Sara Kow-Falcone, Rosa Fernandez, Anthony Alcocer, David Hayes, and Victoria Perez
Lovin' Spoonful
The Arties draw nigh, Shakespeare at New Phoenix, and a Pulitzer winning drama at Road Less Traveled

ARTIE AWARDS

All the eligible shows have opened and the voting is underway for the 25th Annual Artie Awards to be held at 710 Main on Monday, June 1st. Get your wardrobe ready....

A MIDSUMMER NIGHT’S DREAM

Kelli Bocock-Natale lends the playful invention that is her signature to Shakespeare’s A Midsummer Night’s Dream at the New Phoenix Theatre making for a fun evening. She has populated the world of the play with superior talent with the performances of Eric Rawski as Bottom, Maria Droz as Puck, and Jamie Lama and Eliza Vann as Hermia and Helena shining especially brightly.

While Bocock-Natale’s two and a quarter hour romp through the woods with a group of mixed up young lovers is undeniably enjoyable, the material proves to be more elusive than in the case of her rather more satisfying Macbeth and Peter Pan in the same space. From her inserted prologue, a riff from literature and pop culture on the word “dream,” we sense that her vision of the concept, as it relates to Shakespeare’s story, lacks specificity and focus. The script, in fact, is quite pointed, beginning with the threat of death or confinement faced by Hermia if she fails to marry according to her father’s wishes; she flees into the woods with her lover, Lysander, pursued by her suitor Demetrius and the spurned Helena.
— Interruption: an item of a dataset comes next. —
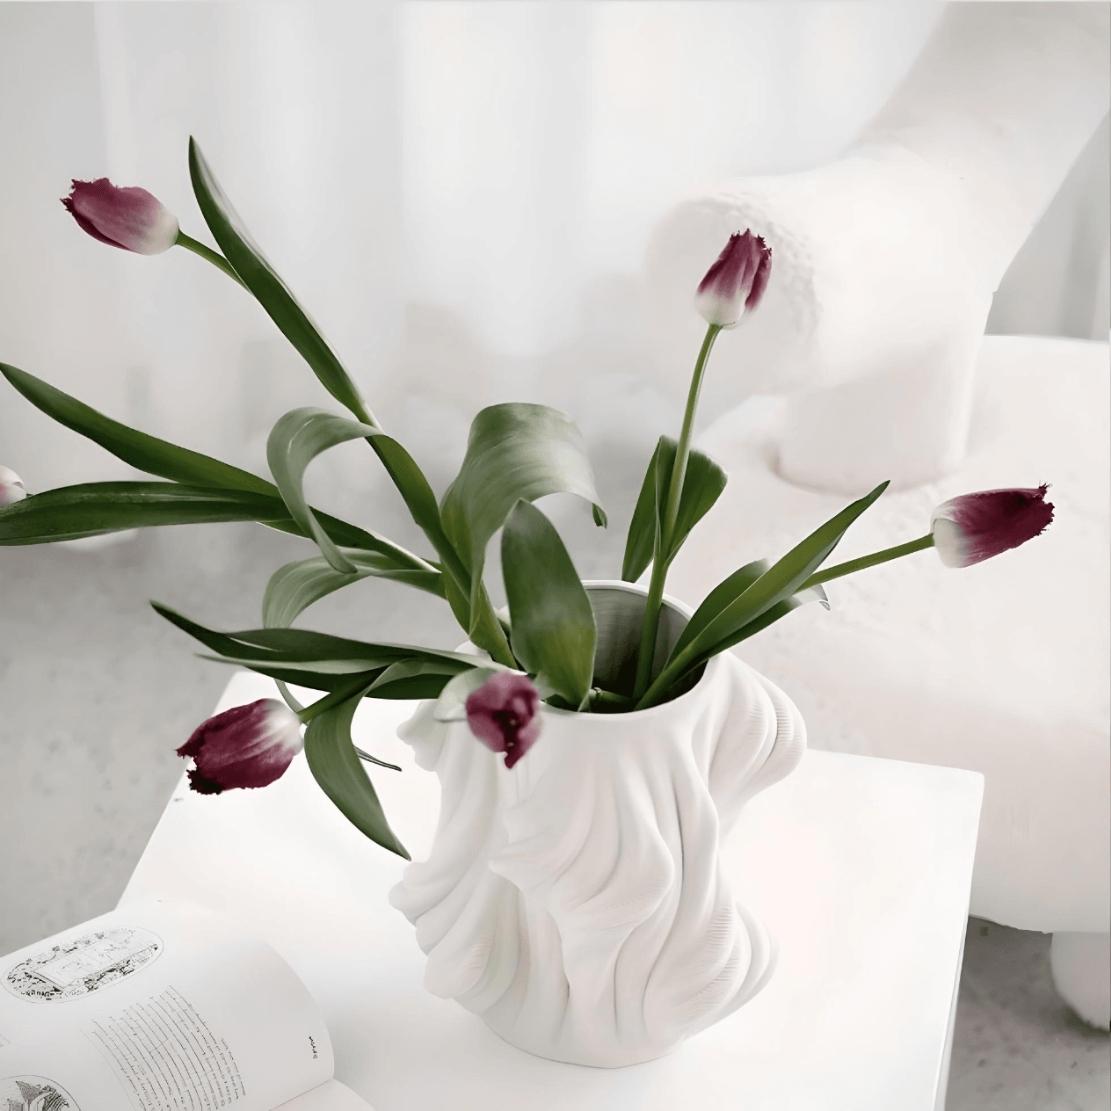 White, elegant ceramic vase with purple tulips

Here in the woods, these young people fall under the cross fire of Oberon, the king of the fairies, who instructs his servant Puck to reassign the affections of various lovers, including his own queen, Titania. In this dream landscape (beautifully placed among wire and foil trees designed by Paul L. Bostaph) we see the motivations of passion and control collide into hilarious misadventures.

The arbitrary nature of love is a favorite theme of Shakespeare, who takes pains to remind us that the affections of the lovers can wander wildly, and that love itself is a kind of mental trickery. (Remember, too, at the start of R&J, Romeo is obsessed with Rosaline).

This lack of focus and purpose of this production does not diminish the irrepressible pleasure of the play, and is masked by the merriment spread generously all round and a cast that goes full out to deliver the goods. When all is done, we have been bewitched ourselves, and barely notice the gaps. The play runs through May 23.

WATER BY THE SPOONFUL

Descriptions of Quiara Alegría Hudes’ Water by the Spoonful make the play sound like a movie of the week about damaged veterans and drug addiction. It would be as accurate to say that A Streetcar Named Desire is a documentary about domestic abuse. This is a rich and marvelously affecting play that has, under the direction of Scott Behrend, been rendered exquisitely at Road Less Traveled. Uniformly strong performances by Anthony Alcocer, Monish Bhattacharyya, Rosa Fernandez, Jonathan Foreman, David Hayes, Sara Kow-Falcone, and Victoria Pérez relate a compelling story about how our attachments to other people can either rescue or destroy them. It is a mesmerizing work, beautifully designed by Dyan Burlingame (set), John Rickus (light), Katie Menke (sound), and Maura Simmonds-Price (costumes), with an expressionistic waterfall under a vividly lit tree canopy, and can be seen through May 24.